Lord Randolph Churchill, a leading Conservative and father of Winston Churchill, in a successful attempt to thwart Home Rule decided to “play the orange card.” This meant inciting militant Protestants and unionists members of the Orange Order, to rebel against the British authorities to prevent Irish Home Rule becoming a reality.

In this way the unionists golden era became more of an age of orange oligarchy. For the best part of 50 years an Ulster Unionist party ruled over six northeastern Irish counties, sometimes known as Ulster, from its parliamentary seat on Stormont hill on the outskirts of Belfast.

Trust between the Ulster Unionist and British Conservatives was always on shaky ground. After all, Churchill writing to another British conservative declared, “these foul Ulster Tories have always ruined our party,”

The shaky ground did in fact give way in 1971 with the formation of the new Democratic Unionist Party. Treated as something of a joke at the time this rebrand of unionism was more strident in its British identity, more evangelical in its Protestantism, more vocal it its opposition in anything connected to Rome.

It was also a damned sight more effective in energizing its electoral base. Its antipathy toward Rome went beyond the Catholic Church, even extending to the 1957 European Treaty of Rome, bed plate of the European Union.

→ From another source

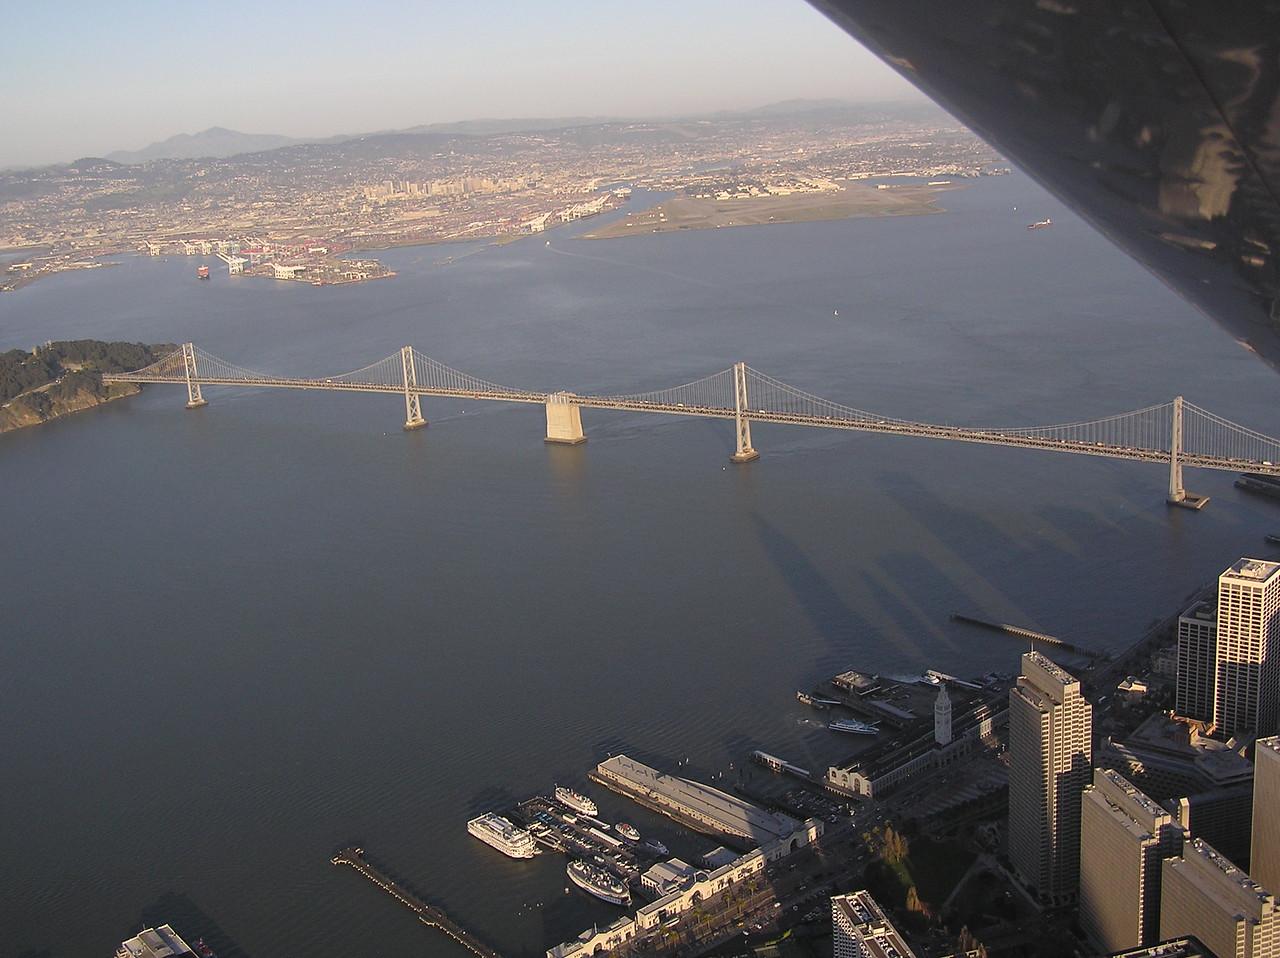 West end of San Francisco Bay Bridge

For the DUP the ground is still shaking. The UK might have a one way ticket out of the EU. But the last time the DUP sat in government at Stormont, which, incidentally was two years ago this month, it had to do so as partners with the Irish nationalist party, Sinn Fein. The strained entente cordiale turned rancid and the Northern Ireland Assembly ceased to assemble.

These two forms of nationalism (British and Irish) don’t really get along together. Sinn Fein is a nationalist, all-Ireland party which has come out in support of gay rights, a woman’s right to control her own fertility, including legal access to pregnancy termination. And it wants to remain in the EU. The DUP opposes the right to abortion and wants to leave the EU.

Since it came to a “supply and demand” agreement– something few of us had ever heard of before – with fellow conservatives’ at Westminster the DUP has become a crutch propping up a weak Tory government. For this Northern Ireland’s Stormont administration gets 1 billion British pounds sterling (almost 1.3 billion US$)

That came out of the petty cash box. The real problem lies with the international border between the two Irelands. At present it’s an open border, with more or less hassle free crossing points, as exists between all EU states.

A so called “hard border” between the two Irelands would mean customs posts, searches and additional bureaucracy. Nobody seems to want that. It could also mean bombs. Customs posts have been a traditional target for those Irish republican who are intent on armed struggle. So a soft border has been proposed, less bureaucratic, less bomb enticing.

To avoid such nastiness “backstop” has attained top media attention. So what is the backstop? It seems to be even more indefinable than sectarianism.

But it is likely to be a legal agreement. Except that there is no agreement. As some in Ireland say, “may the saints preserve us”, so the backstop would preserve peace on the troubled island and the less- than- marvelous economies of both jurisdictions.

The exit door is an ever diminishing time span away but it is not yet clearly in focus. The DUP, described by enlightened commentators as socially conservative and economically liberal – remember the billion quid pay off –is having none of the proposed backstop and border variants.

Perhaps the enlightened are being over generous in their commentary. The DUP stalwarts are more intent on holding onto whatever resources, material and spiritual, their grip on political office affords them.

Sam Gordon worked in a Belfast factory, then an engineer in the merchant navy, a trainer, researcher and co-coordinator of community projects in Scotland. A graduate from various universities, on a good day he claims he’s a decorative artist and sometimes writer. Most days he’s a blacksmith, welder, and painter in Nicaragua.